Referee: [§5] §5 (Fault Injection Methodology): The headline reliability result (near-DMR silent-data-corruption rates at 3.55% perf / <2% area) rests entirely on RTL fault-injection campaigns, yet the manuscript provides no description of the fault models employed (bit-flip, stuck-at, timing, voltage-droop, or process-variation), the injection rates or statistical coverage, the workload selection criteria, or any error-bar / confidence-interval analysis. Without these details it is impossible to judge whether the observed ineffectiveness of end-to-end checks or the effectiveness of the row/column decoupling generalizes beyond the tested BFP configurations, especially for exponent-scaling errors that the paper itself flags as critical.

Authors: We agree that the original manuscript would benefit from expanded methodological details to support reproducibility and evaluation of generalizability. In the revised version, Section 5 has been substantially extended to describe the fault model (transient single-event bit flips injected at RTL on mantissa and exponent paths), injection methodology (average rate of one fault per 1000 cycles, exhaustive coverage of all major modules with >10 million total injections), workload selection (ResNet-50, MobileNet-v2, and VGG-16 on ImageNet/CIFAR-10 to exercise diverse block sizes and scaling behaviors), and statistical reporting (SDC rates with 95% confidence intervals and error bars from repeated campaigns). These additions confirm that the ineffectiveness of end-to-end checks and the advantages of row/column decoupling are consistent across the evaluated BFP configurations, with particular attention to exponent-path vulnerabilities. revision: yes
Referee: [§6] §6 (Comparison to DMR): The claim that the design achieves “near-dual modular redundancy reliability” is presented without a side-by-side fault-injection campaign on an actual DMR implementation of the same NPU. The comparison therefore relies on an implicit assumption that the injected fault population produces error signatures equivalent to those that would appear in a real DMR silicon part; this assumption is load-bearing for the central cost-benefit argument but is not justified in the text.

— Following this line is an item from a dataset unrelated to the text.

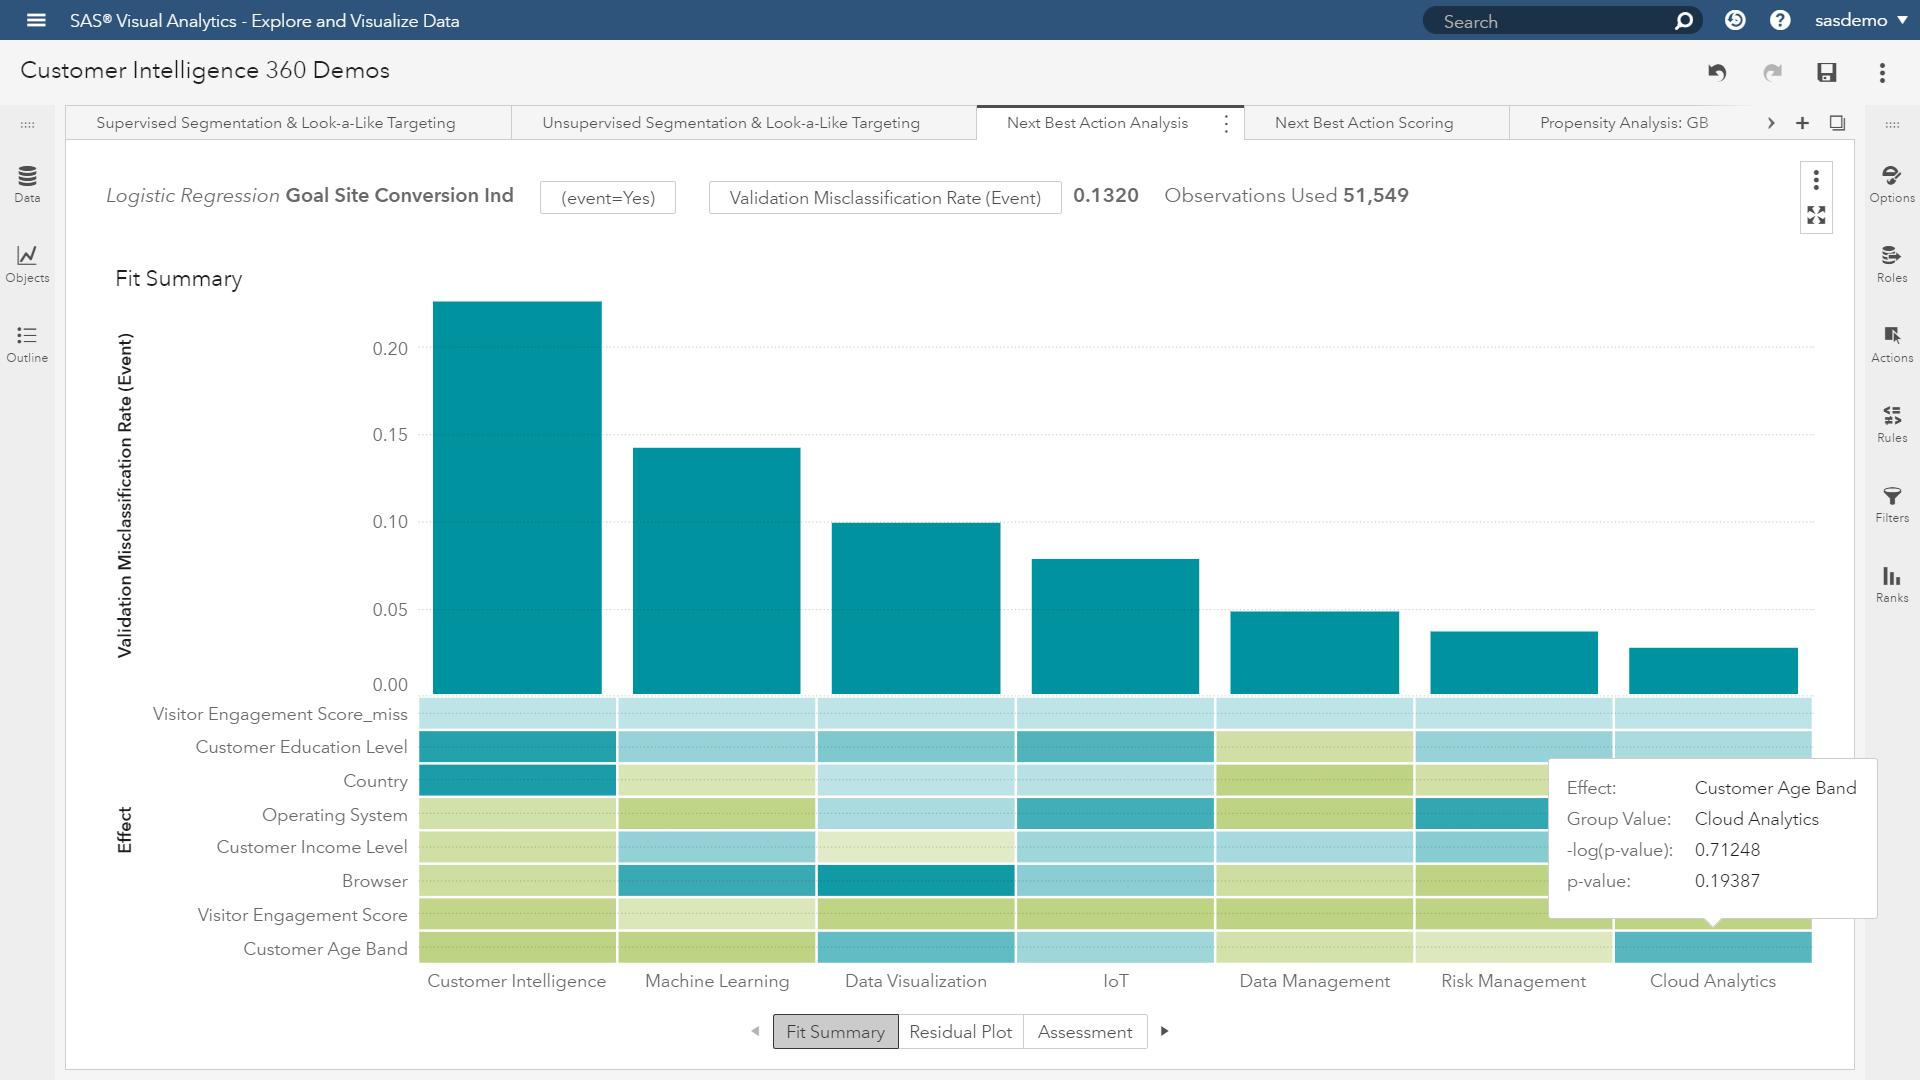 sas customer intelligence 360 predictive next best actions
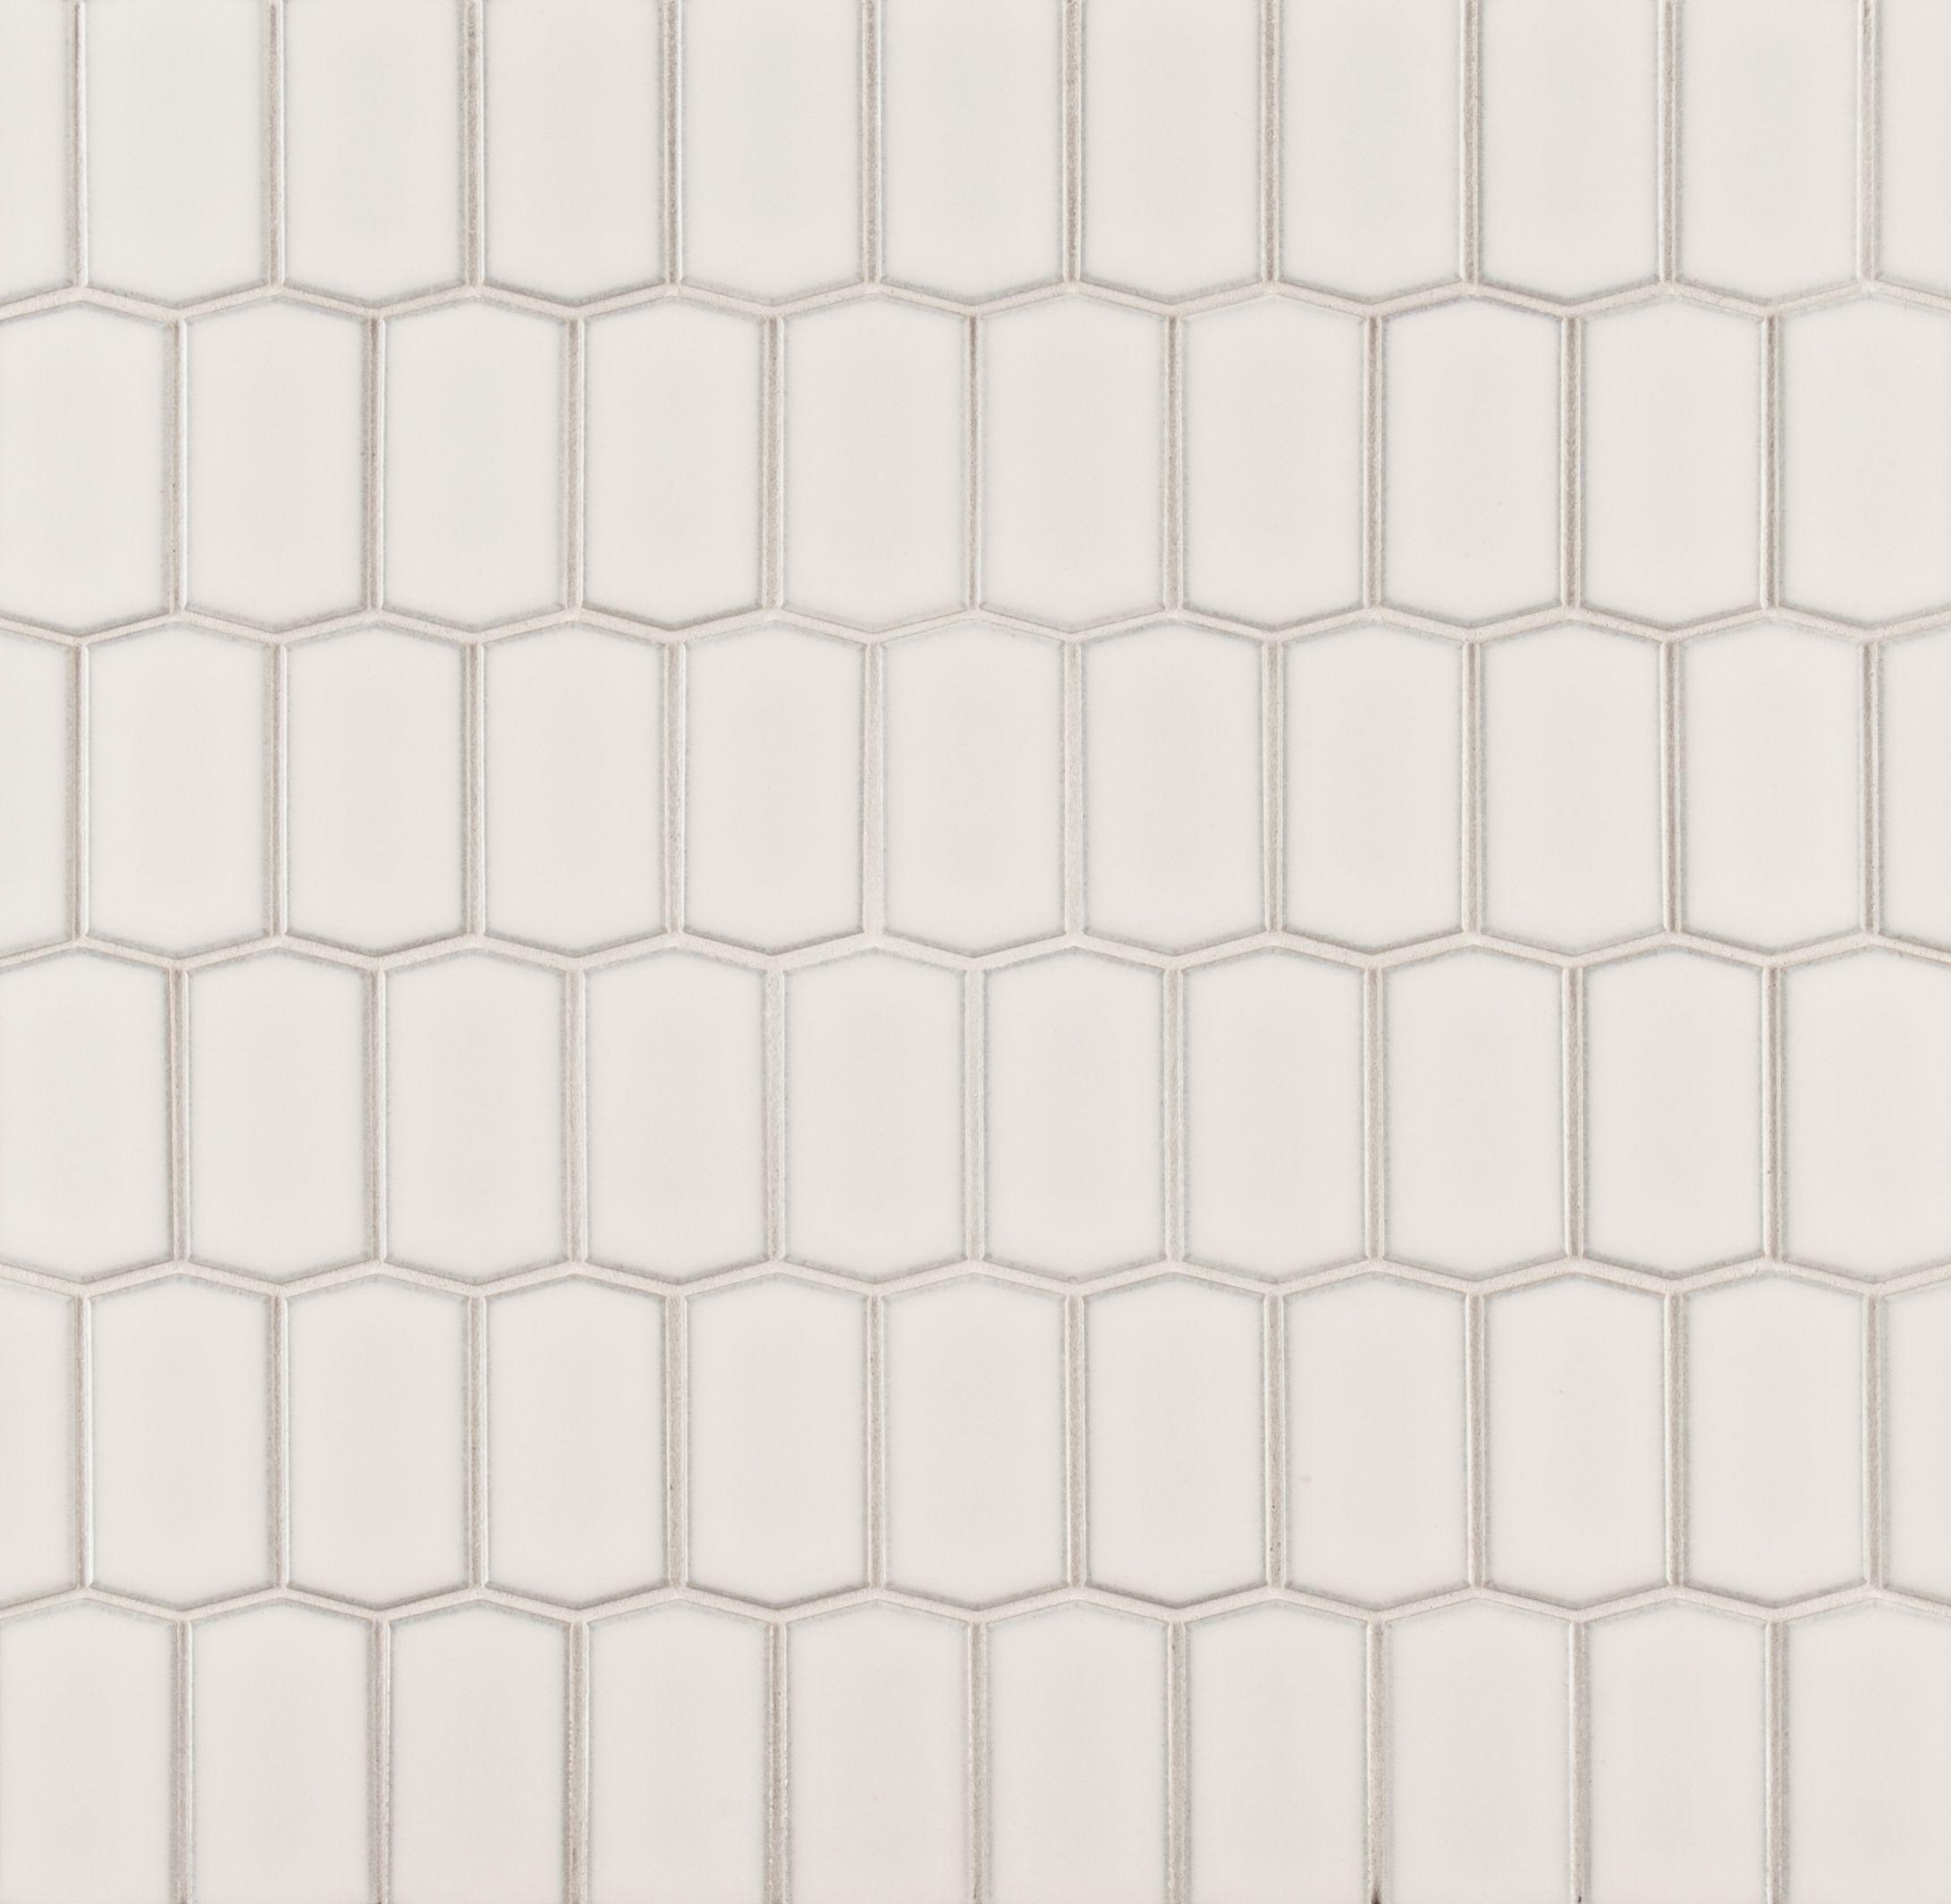 Ann Sacks Mosaic Bathroom Tile: ANN SACKS Savoy Hive Ceramic Mosaic In Ricepaper Let's Do

Authors: We recognize that an empirical side-by-side fault-injection study on a DMR implementation would offer the most direct validation. However, constructing and evaluating such a DMR version would require full hardware duplication plus a protected comparator—the exact overhead our microarchitecture is designed to avoid. Our near-DMR claim rests on the observation that, under the single transient fault model employed, a standard DMR configuration (with protected comparator) would mask all faults in the duplicated paths, yielding near-zero SDC. Our design achieves SDC rates within a small factor of this ideal while incurring only 3.55% performance and <2% area overhead. In the revision we have added an explicit discussion in Section 6 that justifies the comparison under the shared fault model, provides a theoretical reliability bound for DMR, and acknowledges the absence of direct DMR silicon data as a limitation. This strengthens the cost-benefit argument without necessitating an additional full-scale implementation. revision: partial

Circularity Check

0 steps flagged

No circularity: empirical characterization directly informs design without self-referential reduction

full rationale

The paper conducts RTL-level fault injection to characterize BFP NPU vulnerabilities, extracts qualitative insights about heterogeneous faults and ineffective end-to-end checks under nonlinear scaling, then proposes a row/column decoupling microarchitecture and lightweight protections. These are validated by new measurements of performance overhead and hardware cost. No equations, fitted parameters, or self-citations are shown that define the reliability outcome in terms of the design itself or vice versa. The central claims rest on direct experimental comparison rather than tautological construction or imported uniqueness theorems.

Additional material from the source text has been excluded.